# HDCP error message



## kenbola (Jan 24, 2012)

You've just come home from work and you are psyched to sit down (or lay down) on the couch and watch some cable TV on your HT system. You turn on everything (with your cool universal remote or ipad) and you get a message on your TV- "Connection Error Your
HDTV does not support HDCP. Please use the YPrPb component connection
to watch TV." After you scratch your head and say to yourself "WTF", it's time to start checking your HDMI connections. The problem persists-- but you REFUSE to use component RCA cables--- After all, WHY would you do that when HDMI had been working for 5 years without a problem!! Next you call your cable provider-- they tell you to check your HDMI cables--- Duh! Finally, you just turn off your cable box, turn it back on and the problem goes away (for a few days, or even a few weeks). 
The question is - Without getting the standard response you can find on google- What REALLY causes this HDCP error message when you system has been fine for years using HDMI cables? And, is the message something generated by your TV or your cable box? I have seen the problem on different brands of TV's and different cable providers. 
Please help solve this mystery! :hissyfit:


----------



## xavier (Aug 3, 2007)

kenbola said:


> Next you call your cable provider-- they tell you to check your HDMI cables--- Duh! Finally, you just turn off your cable box, turn it back on and the problem goes away :hissyfit:


: Huh:


----------



## Infrasonic (Sep 28, 2010)

It's likely some sort of HDMI handshake issue but finding the exact cause especially if the problem is intermittent will take some time.

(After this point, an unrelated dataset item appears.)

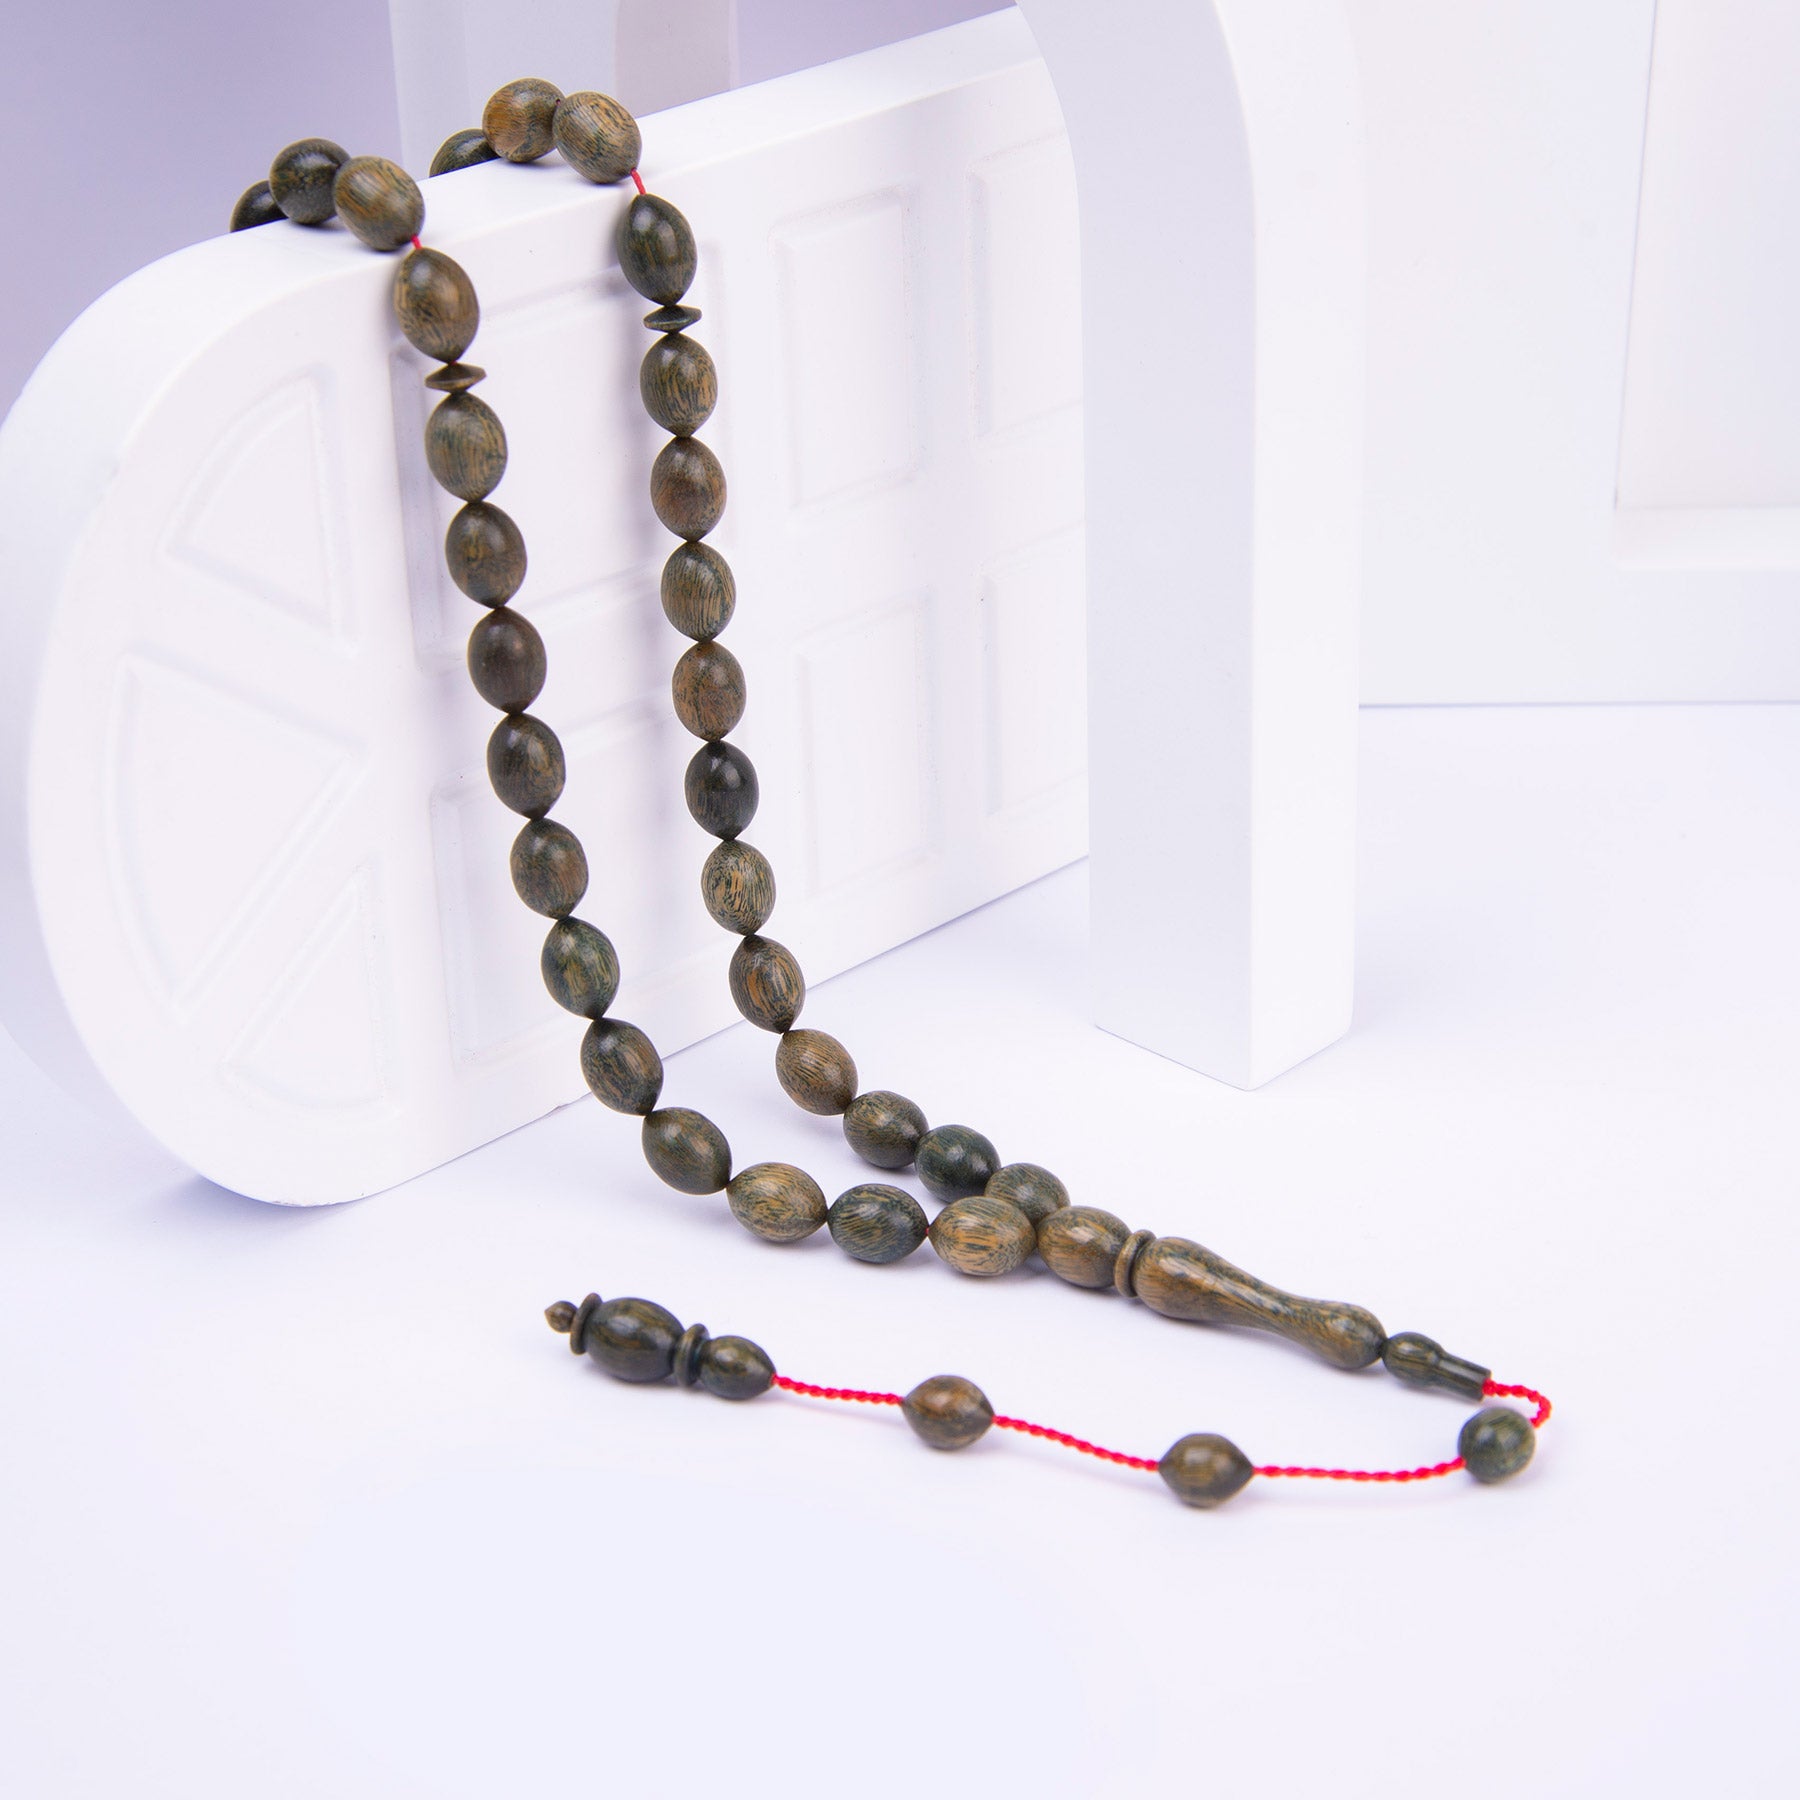 Ve Tesbih Systematic Solid Cut Green Rosewood Rosary 1

Is the HDMI from your cable box going to a receiver or straight to your TV? How long is the HDMI run? Is the cable run short enough that you've already tried swapping the HDMI cable(s) and the intermittent problem still persists?

New 6ft cables can be had for $2-5 at a local Fry's or Monoprice.com and I'd recommend swapping out any that are in-between your cable box and TV first then see if you still are having issues.


----------



## fmw (Aug 11, 2013)

I believe Infrasonic is correct. I get this quite often on the NFL and MLB channels on DirecTV - but only on the multi room box in the bedroom. I fix it by unplugging the hdmi cable at one end and plugging it back in. That fixes it anywhere from a day to a couple of weeks until it happens again. No cable swapping has ever made it go away permanently. Modern technology isn't always bombproof.


----------